Par ailleurs, les enseignants ont besoin de recevoir une formation adéquate. Seule la moitié des pays dispose actuellement de normes pour développer leurs compétences dans le domaine des TIC. Peu de programmes de formation des enseignants abordent la cybersécurité, alors que 5 % des attaques par rançongiciels visent l’éducation.
La durabilité exige également de garantir les droits des utilisateurs de la technologie. Aujourd’hui, seuls 16 % des pays protègent juridiquement la confidentialité des données dans le domaine de l’éducation. L’analyse de 163 dispositifs technologiques éducatifs a révélé que 89% d’entre eux pouvaient accéder aux données des enfants.

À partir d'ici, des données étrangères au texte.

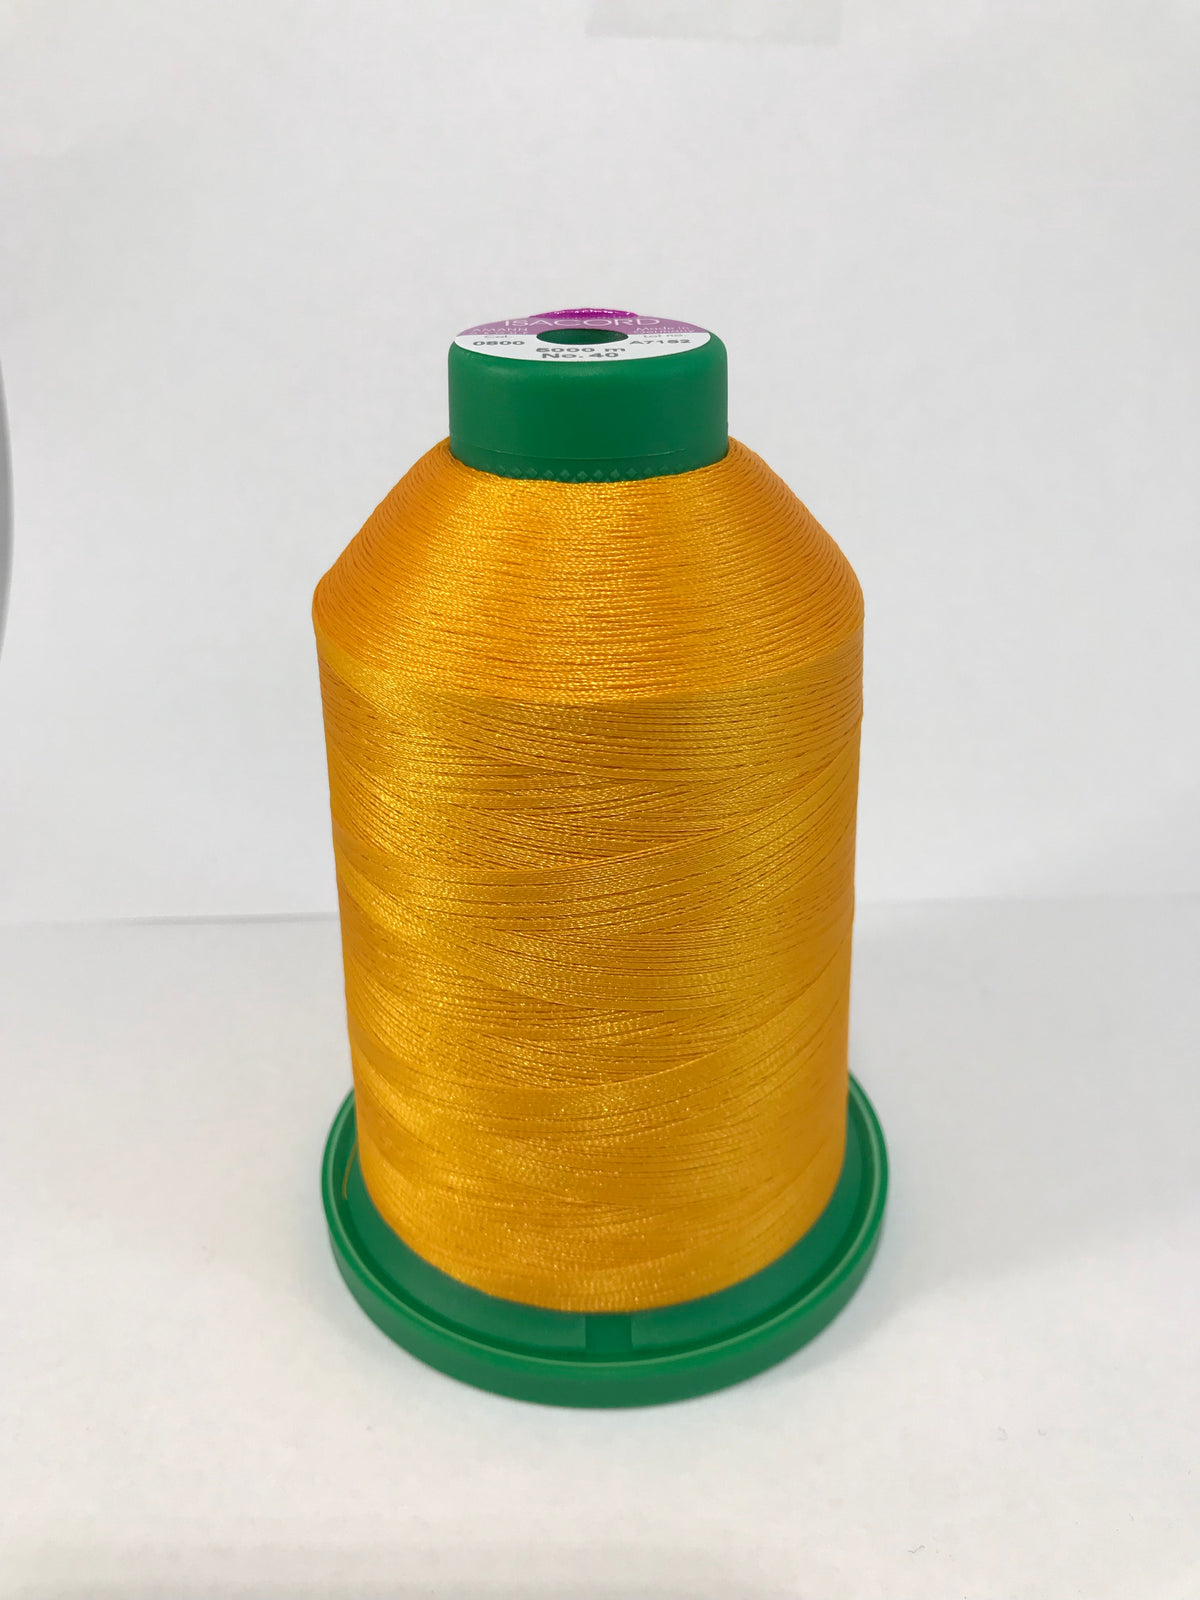 NEW! 50 Cones Isacord Polyester Embroidery Thread Kit #5 New In Wrapper!

Enfin, le rapport révèle que 39 des 42 gouvernements fournissant un enseignement en ligne pendant la pandémie ont favorisé des utilisations qui « menaçaient ou enfreignaient » les droits des enfants.
L’UNESCO appelle, via son rapport mondial 2023, à définir au plus vite les conditions de déploiement et d’utilisation des nouvelles technologies afin qu’elles ne puissent jamais remplacer l’enseignement en personne, et qu’elles contribuent à la bonne réalisation de l’objectif mondial d’une éducation de qualité pour tous.
Audrey Azoulay, Directrice générale de l’UNESCO, détaille : « La révolution numérique a un immense potentiel mais, tout comme des mises en garde ont été formulées quant à la manière dont elle devrait être encadrée dans la société, une attention similaire doit être accordée à la manière dont elle est utilisée dans l’éducation. La technologie doit améliorer le processus d’apprentissage et servir le bien-être des élèves et des enseignants, plutôt qu’être utilisée à leur détriment. Il faut placer les besoins de l’apprenant au premier plan et soutenir le travail des enseignants. Les interactions en ligne ne peuvent en aucun cas remplacer les interactions humaines ».